[Footnote 1: Luke vi. 24, 25.]

[Footnote 2: Luke xiv. 12, 14.]

[Footnote 3: A saying preserved by very ancient tradition, and much used, Clement of Alexandria, Strom. i. 28. It is also found in Origen, St. Jerome, and a great number of the Fathers of the Church.]

[Footnote 4: Prov. xix. 17.]

This, however, was not a new fact. The most exalted democratic movement of which humanity has preserved the remembrance (the only one, also, which has succeeded, for it alone has maintained itself in the domain of pure thought), had long disturbed the Jewish race. The thought that God is the avenger of the poor and the weak, against the rich and the powerful, is found in each page of the writings of the Old Testament. The history of Israel is of all histories that in which the popular spirit has most constantly predominated. The prophets, the true, and, in one sense, the boldest tribunes, had thundered incessantly against the great, and established a close relation, on the one hand, between the words "rich, impious, violent, wicked," and, on the other, between the words "poor, gentle, humble, pious."[1] Under the Seleucidæ, the aristocrats having almost all apostatized and gone over to Hellenism, these associations of ideas only became stronger. The Book of Enoch contains still more violent maledictions than those of the Gospel against the world, the rich, and the powerful.[2] Luxury is there depicted as a crime. The "Son of man," in this strange Apocalypse, dethrones kings, tears them from their voluptuous life, and precipitates them into hell.[3] The initiation of Judea into secular life, the recent introduction of an entirely worldly element of luxury and comfort, provoked a furious reaction in favor of patriarchal simplicity. "Woe unto you who despise the humble dwelling and inheritance of your fathers! Woe unto you who build your palaces with the sweat of others!
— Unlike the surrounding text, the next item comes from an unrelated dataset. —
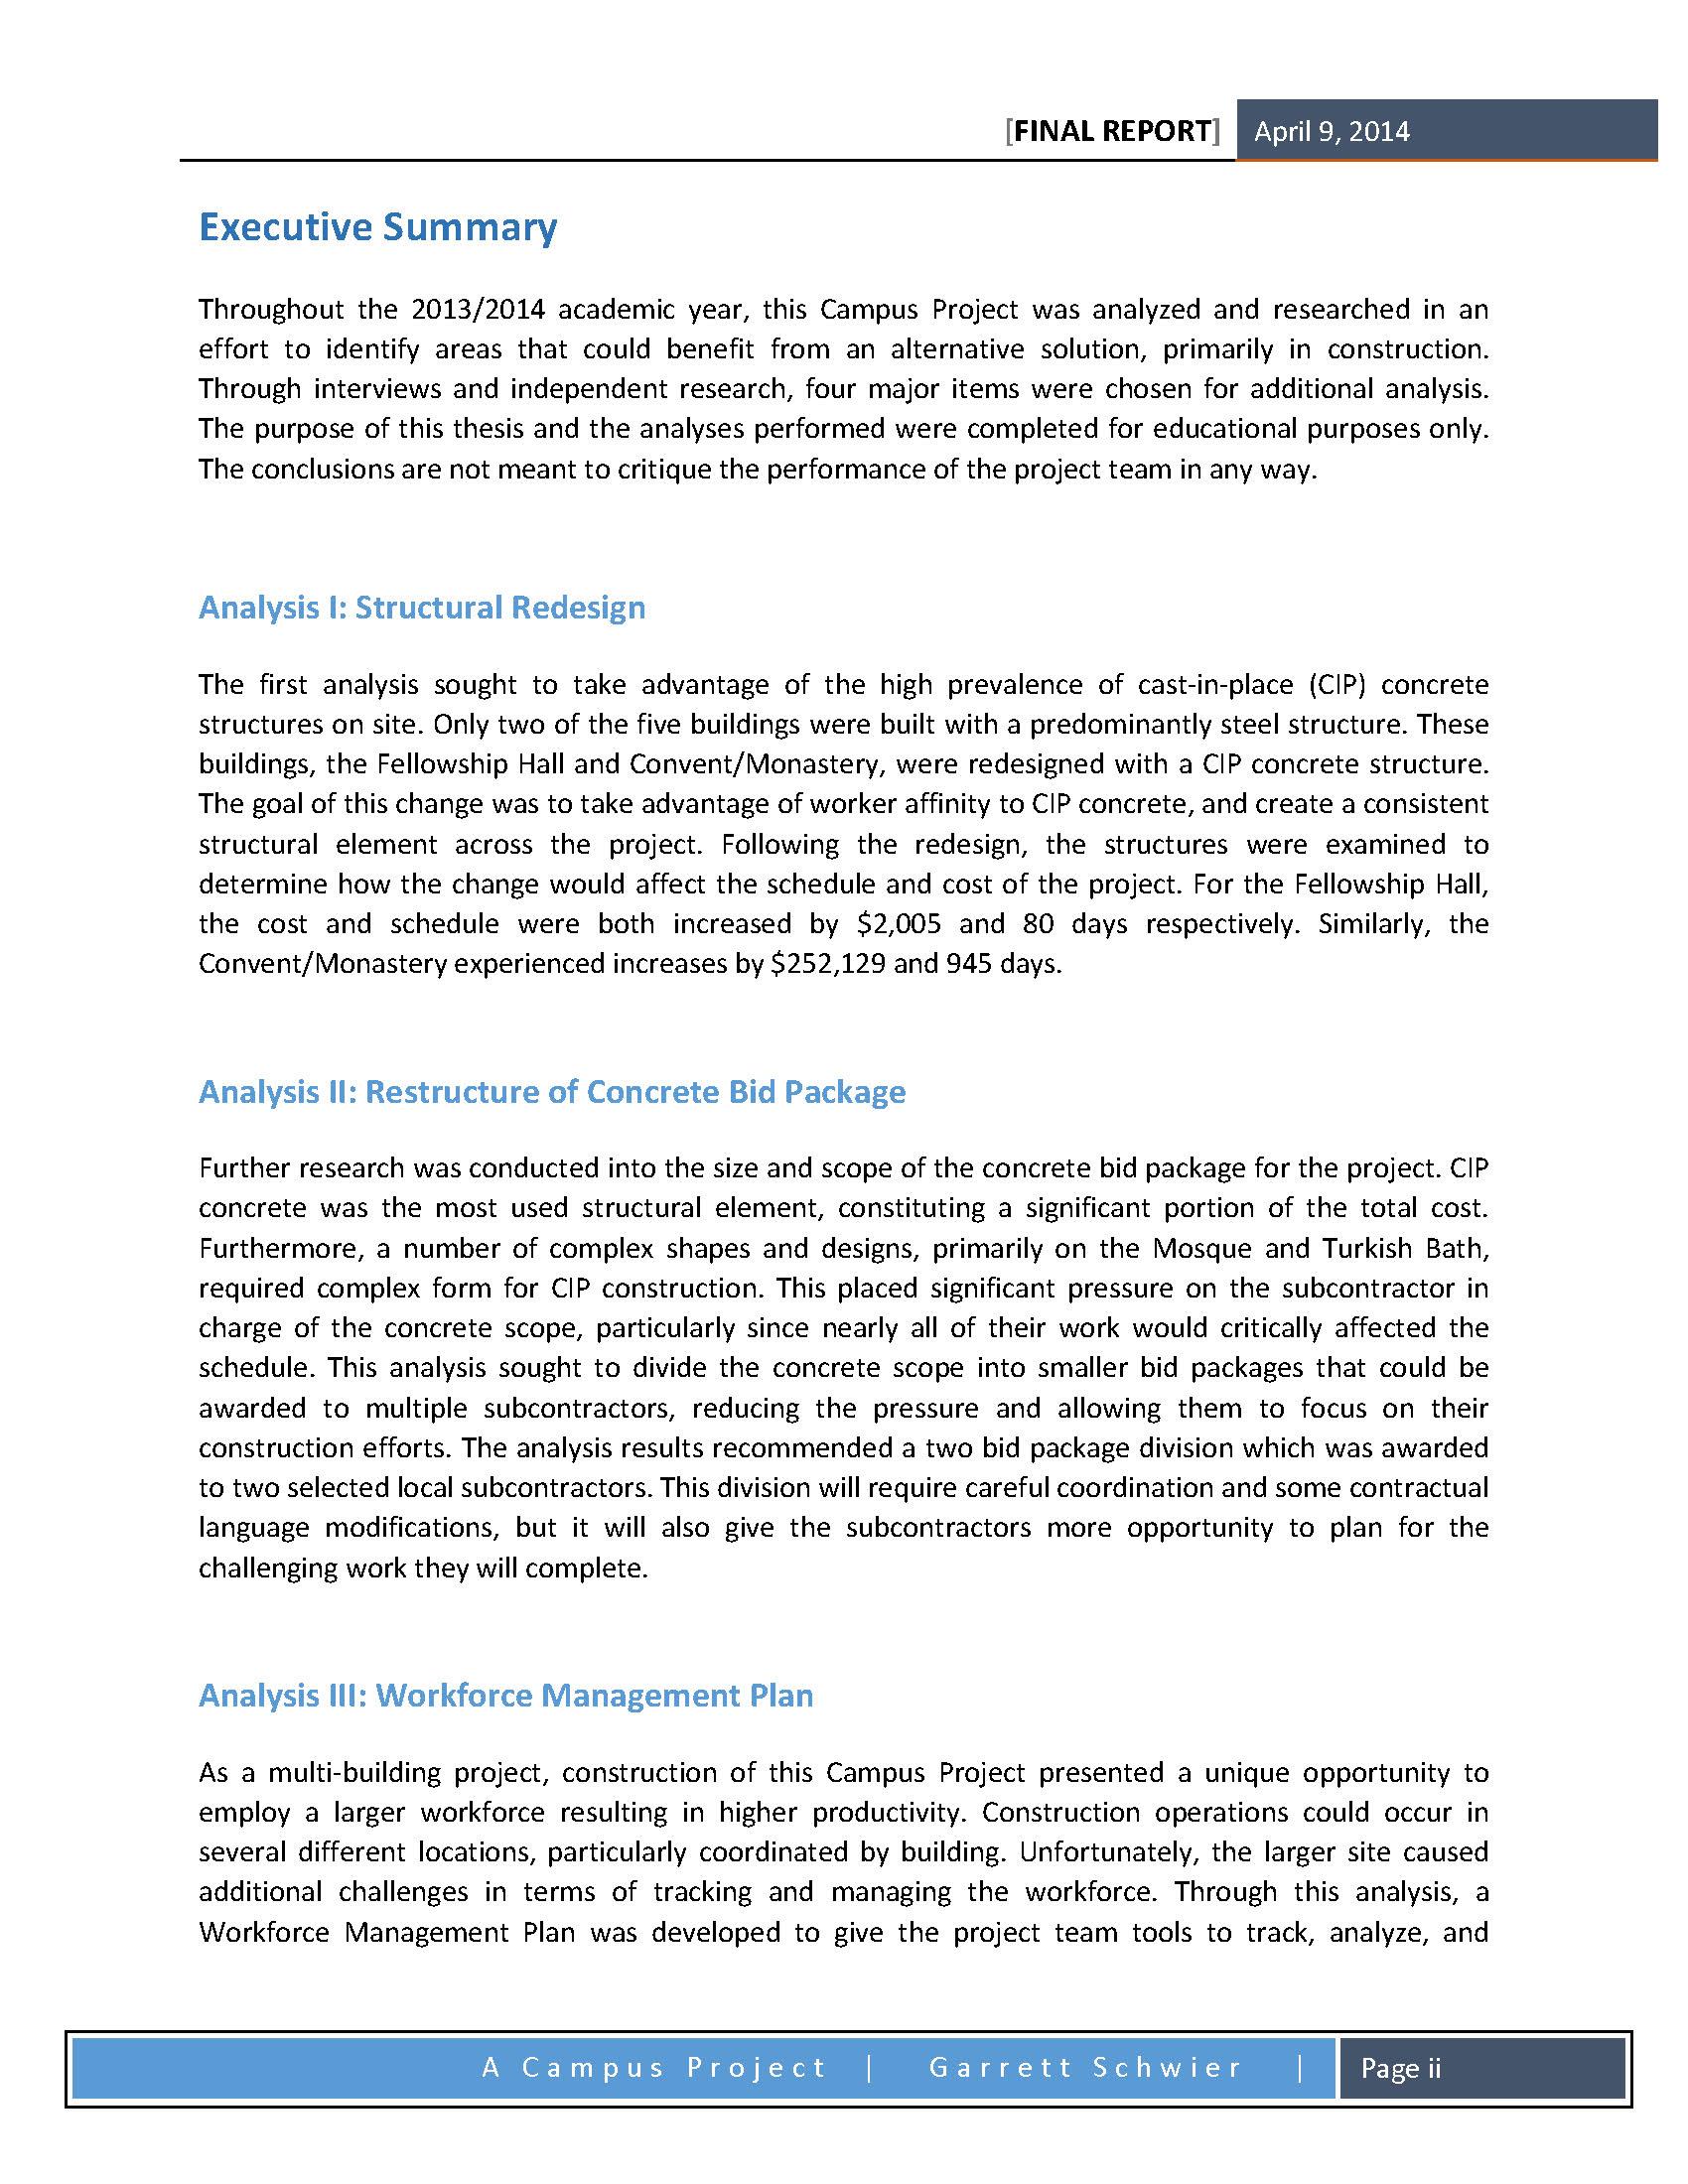 CPEP - Final Report

Each stone, each brick, of which it is built, is a sin."[4] The name of "poor" (ebion) had become a synonym of "saint," of "friend of God." This was the name that the Galilean disciples of Jesus loved to give themselves; it was for a long time the name of the Judaizing Christians of Batanea and of the Hauran (Nazarenes, Hebrews) who remained faithful to the tongue, as well as to the primitive instructions of Jesus, and who boasted that they possessed amongst themselves the descendants of his family.[5] At the end of the second century, these good sectaries, having remained beyond the reach of the great current which had carried away all the other churches, were treated as heretics (Ebionites), and a pretended heretical leader (Ebion) was invented to explain their name.[6]

[Footnote 1: See, in particular, Amos ii. 6; Isa. lxiii. 9; Ps. xxv. 9, xxxvii. 11, lxix. 33; and, in general, the Hebrew dictionaries, at the words:

[Hebrew: evion, dal, ani, anav, chasid, ashir, holelim, aritz].]